On almost Gallai colourings in complete graphs
Alexandr Grebennikov, Letícia Mattos, Tibor Szabó
TL;DR
The paper studies almost $t$-Gallai colourings of complete graphs, where rainbow $t$-cliques are allowed only if edge-disjoint. For $t\ge 4$, it proves subquadratic growth $\tau_t(n)=o(n^2)$ with a matching $n^{2-o(1)}$ lower bound, using a random $t$-partition construction and the Clique Removal Lemma, alongside a Kovács–Nagy-type lower-bound construction. For $t=3$, it gives the first nontrivial narrowing of bounds, showing $(\tfrac12 - o(1))n\log n \le \tau_3(n) = O(n^{\sqrt{2}}\log n)$, via a two-pronged approach combining a careful 3-colouring analysis with hypercube-edge isoperimetric arguments and probabilistic methods.

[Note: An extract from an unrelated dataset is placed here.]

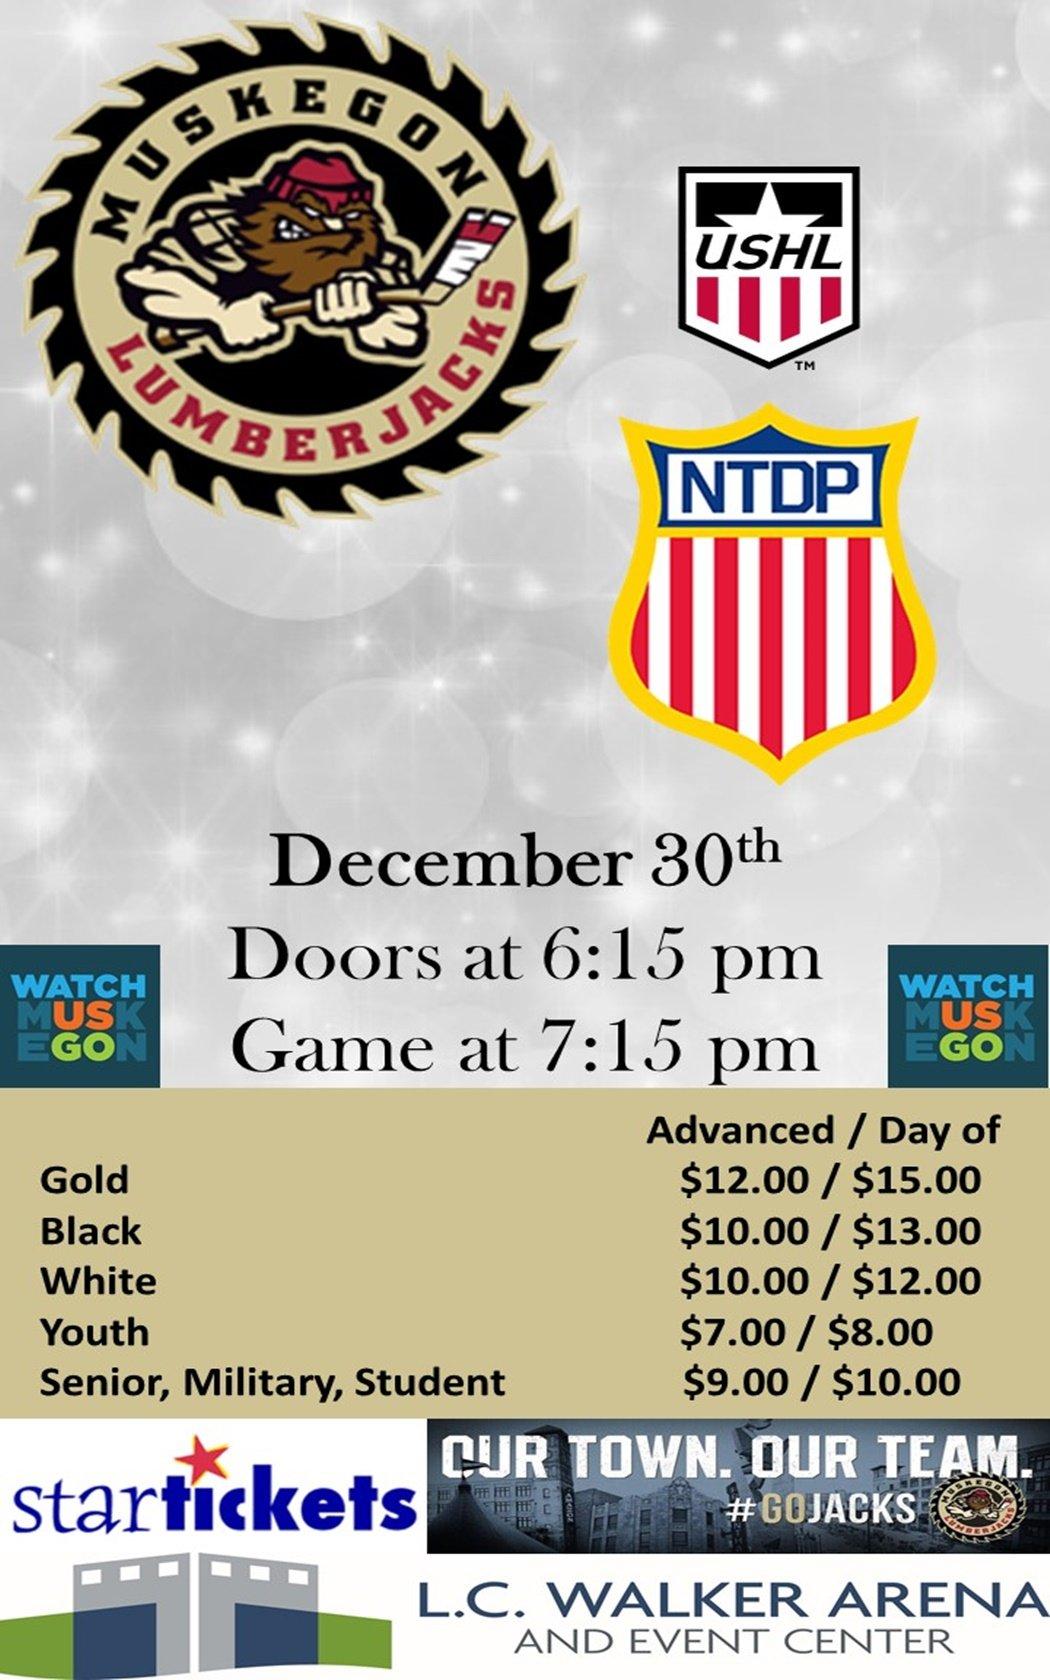 Dec 30 – Muskegon Lumberjacks vs NTDP

A lower bound for $t=3$ uses an explicit almost Gallai colouring built on a hypercube embedding, achieving about $n\log n$ rainbow triangles, while the upper bound hinges on balanced/unbalanced case analyses and a decoupling trick to control the distribution of rainbow cliques. The results yield anticoncentration bounds for clique counts in $G(n,p)$ and advance the understanding of how structural constraints on rainbow subgraphs constrain extremal counts in both deterministic and random settings.
Abstract
For $t \in \mathbb{N}$, we say that a colouring of $E(K_n)$ is $\textit{almost}$ $t$-$\textit{Gallai}$ if no two rainbow $t$-cliques share an edge. Motivated by a lemma of Berkowitz on bounding the modulus of the characteristic function of clique counts in random graphs, we study the maximum number $τ_t(n)$ of rainbow $t$-cliques in an almost $t$-Gallai colouring of $E(K_n)$. For every $t \ge 4$, we show that $n^{2-o(1)} \leq τ_t(n) = o(n^2)$. For $t=3$, surprisingly, the behaviour is substantially different. Our main result establishes that $$\left ( \frac{1}{2}-o(1) \right ) n\log n \le τ_3(n) = O\big (n^{\sqrt{2}}\log n \big ),$$ which gives the first non-trivial improvements over the simple lower and upper bounds. Our proof combines various applications of the probabilistic method and a generalisation of the edge-isoperimetric inequality for the hypercube.